Les citoyens ne peuvent pas être pris en otage à cause de la lenteur de l’État ou de l’humeur du chef. Il faut y mettre fin et faire une nouvelle circulaire pour l’ensemble des services de police pour qu’il délivrent les cartes d’identité en attendant que l’État nous donne les équipements pour faire des cartes d’identité biométriques.

Vous êtes membre d’ablogui, quelles actions comptez vous mener pour amener le gouvernement à résoudre rapidement ce problème ?

Notre principal objectif, c’est d’attirer de nouveau, l’attention du gouvernement et les ministres en charge de la question sur les préoccupations des guinéens quand à l’obtention de leurs cartes d’identités nationale. Car nous sommes tous, vous et moi concerné par cette question.

Nous sommes des jeunes et connaissons nos droits, nous savons donc les défendre quand il sera violé.
Nous avons lancé le débat sur Twitter, Facebook, sur les sites d’informations comme je le fais actuellement avec vous. Par de simples messages en interpelant le gouvernement pour qu’il réponde à nos préoccupations.

Sur Twitter @ablogui et Facebook/ablogui ou sur notre plateforme ablogui.com, vous pourrez voir l’ensemble des réactions sur le sujet avec le hashtag #Mapiecedidentite. Nous avons aussi publié des affiches et des posts sur Facebook et avons publié un communiqué. Nos membres font le lobbying et les blogueurs font des articles, des vidéos et des micros trottoir.

Nous prendrons attache très prochainement avec les ministres en leur adressant un courrier et espérons avoir une oreille attentive.

Pourquoi la campagne ? Comment vous comptez la mener? Qu’est-ce qui vous rassure que cette campagne va porter fruit et que le gouvernement entendra votre cri de coeur ?

Comme je viens de vous le dire, notre campagne est aussi responsable qu’important ; nous sommes très gênés en effet de défendre ce genre de chose sur internet ou dans une mondialisation et une révolution des peuples ; l’idéal voudrait qu’on vente notre pays à l’international et être content des avancées ; mais hélas, nous sommes encore en 2016 à se plaindre en Guinée de ne pas avoir de carte d’identité.

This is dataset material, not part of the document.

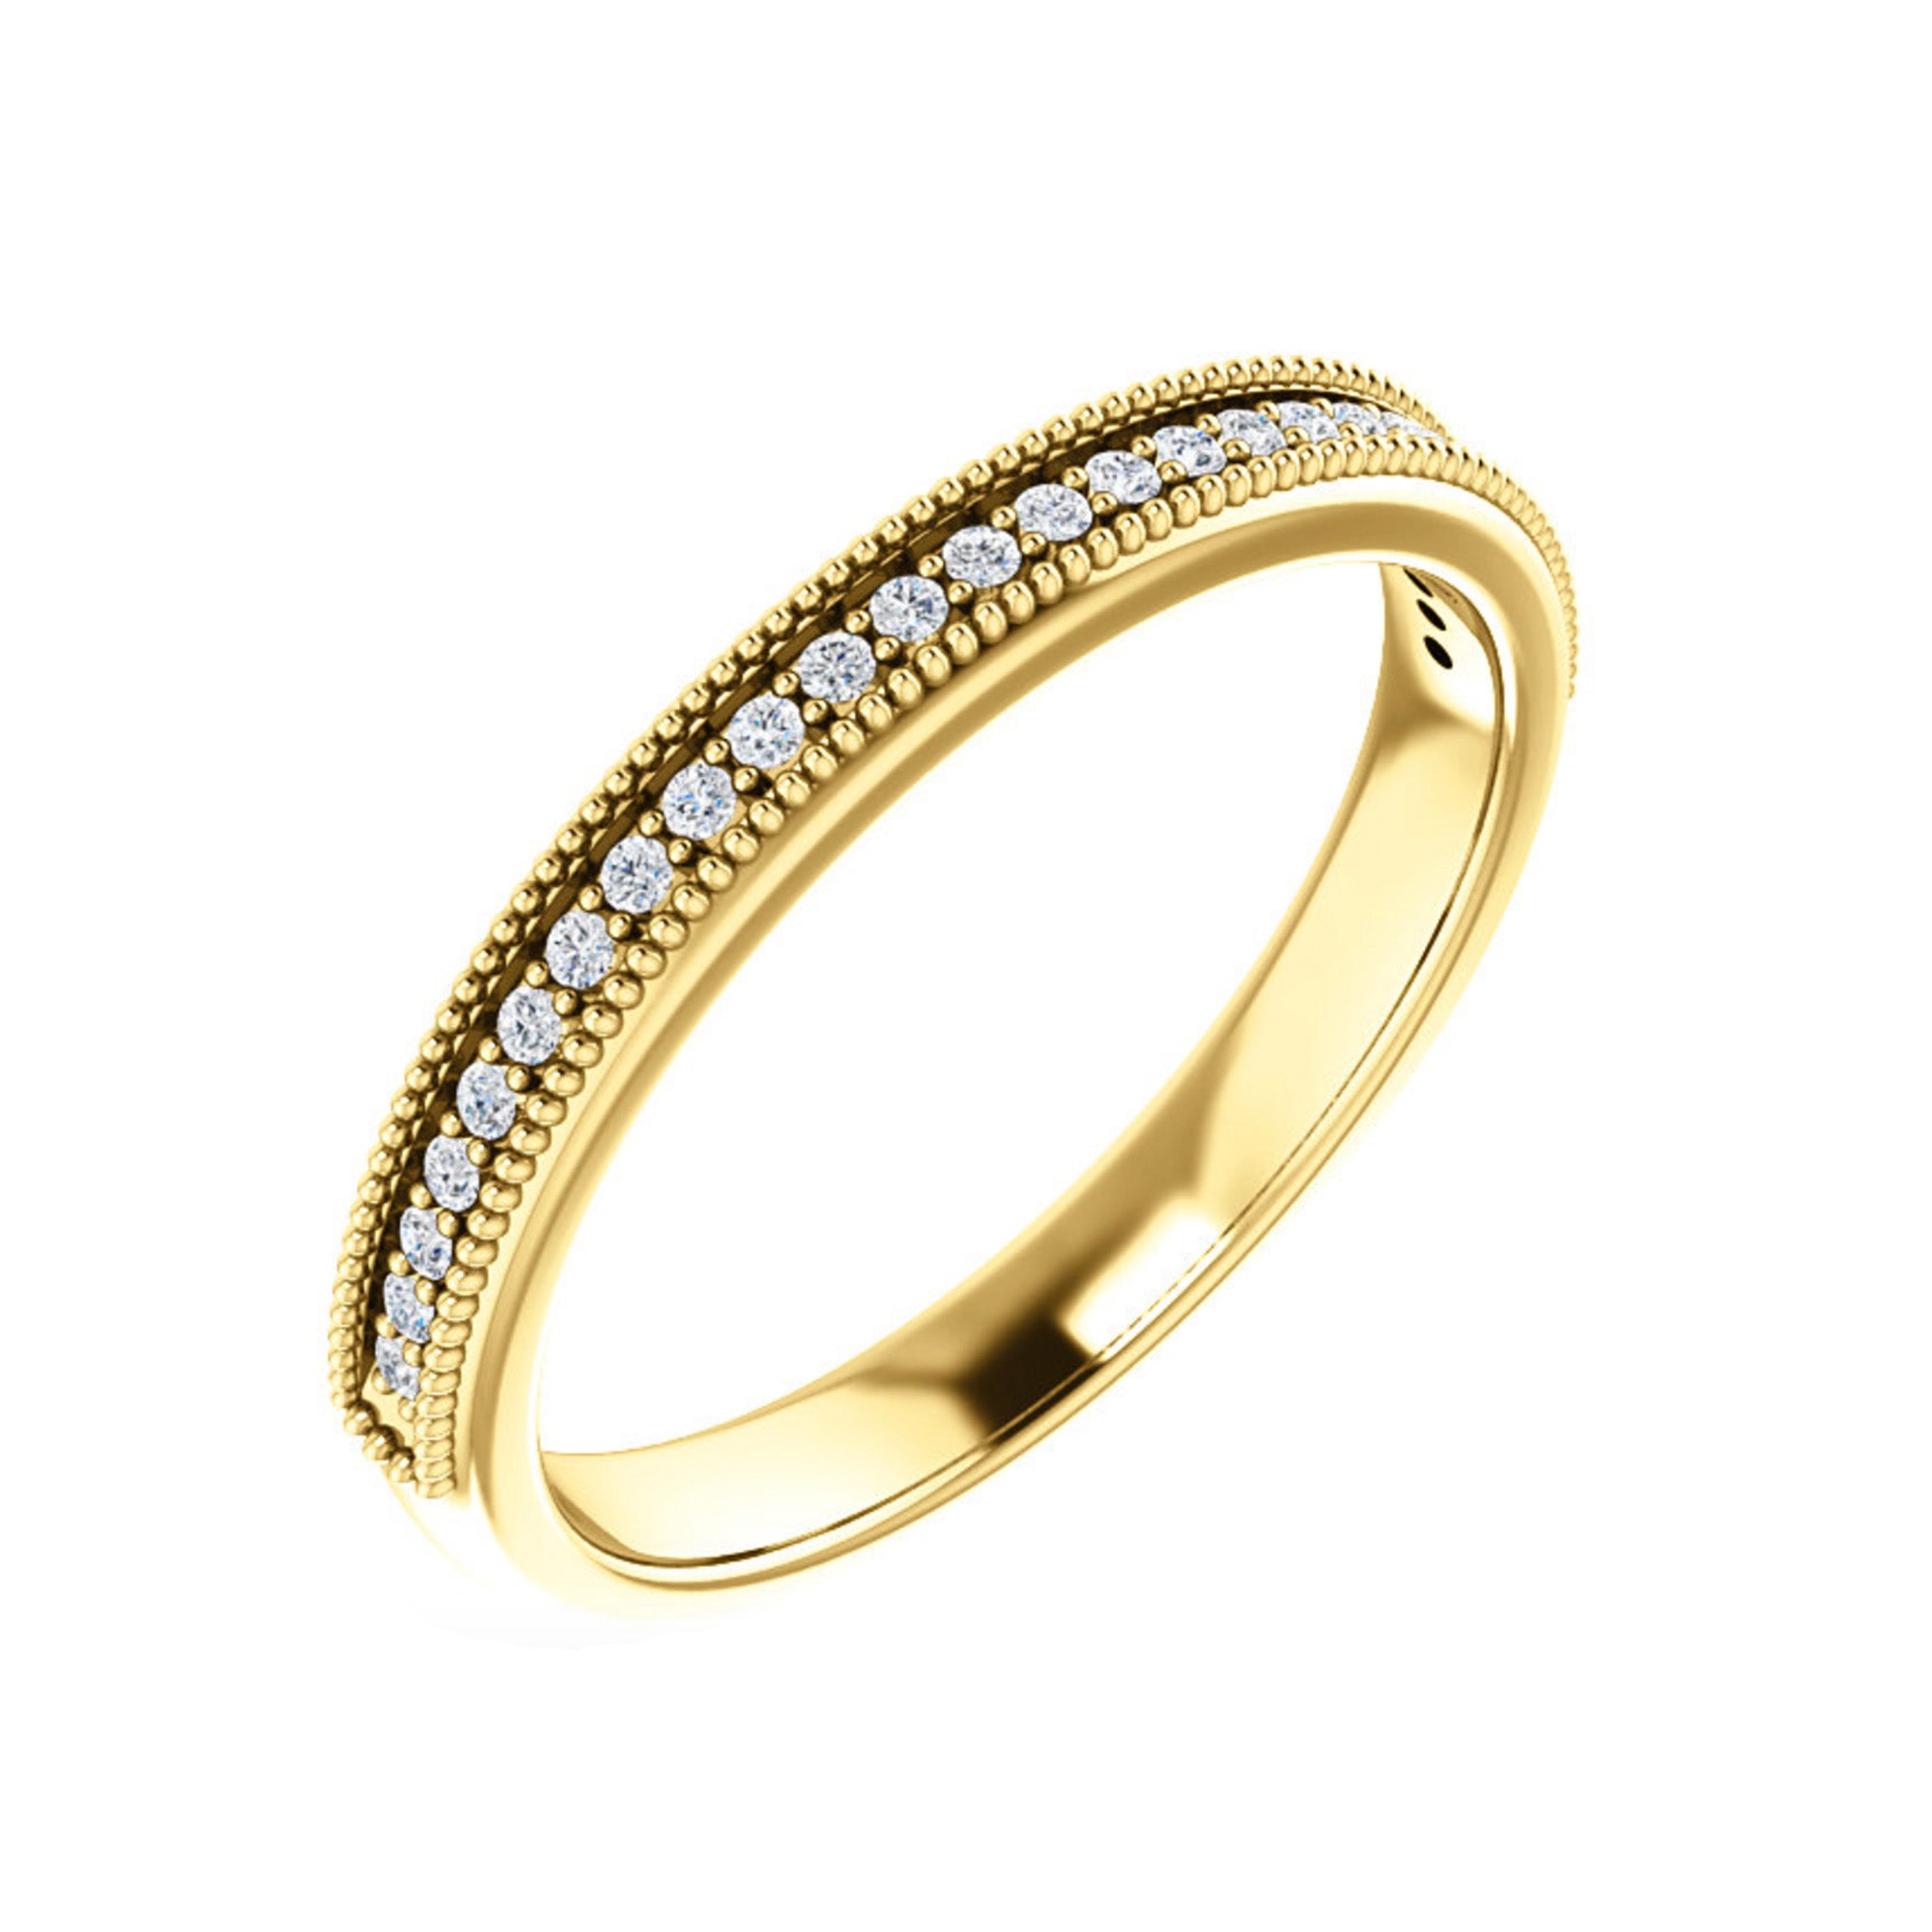 Beaded Milgrain Diamond Stack Band in White, Yellow or Rose Gold - Talisman Collection Fine Jewelers

Le Président Alpha Condé et son gouvernement doivent prendre leur responsabilité, ils sont à notre service nous le peuple et ce n’est pas le contraire ;

J’invite la jeunesse à mettre la pression sur leurs élus, d’aller les voir, chaque chef de secteur, chef de quartier, chef discret, maire, préfet, gouverneur, député pour exiger qu’on nous redonne notre dignité et que cette arnaque s’arrête enfin dans ce pays.

Avez-vous un dernier mot ?

Je vous remercie Monsieur Baldé et libreopinionguinee.com de m’avoir donner cette chance de lancer cet appel, ce cri du cœur à nos élus pour qu’ils apportent de l’espoir à cette jeunesse guinéenne qui ne demande pas la lune à décrocher. J’invite les jeunes à s’engager.

Vous, moi, les autres faites-vous entendre, prenez vos cartes d’électeurs quand il sera le moment, soyez vigilants, et exigeants, car notre voix doit porter et elle va porter quand nous s’aurons demander avec la bonne manière; la rue seule ne nous redonnera pas nos droits, il faut s’engager, faite de la politique, et cela, même à la base dans votre quartier et prenez la parole, on ne peut pas faire notre bonheur en notre absence.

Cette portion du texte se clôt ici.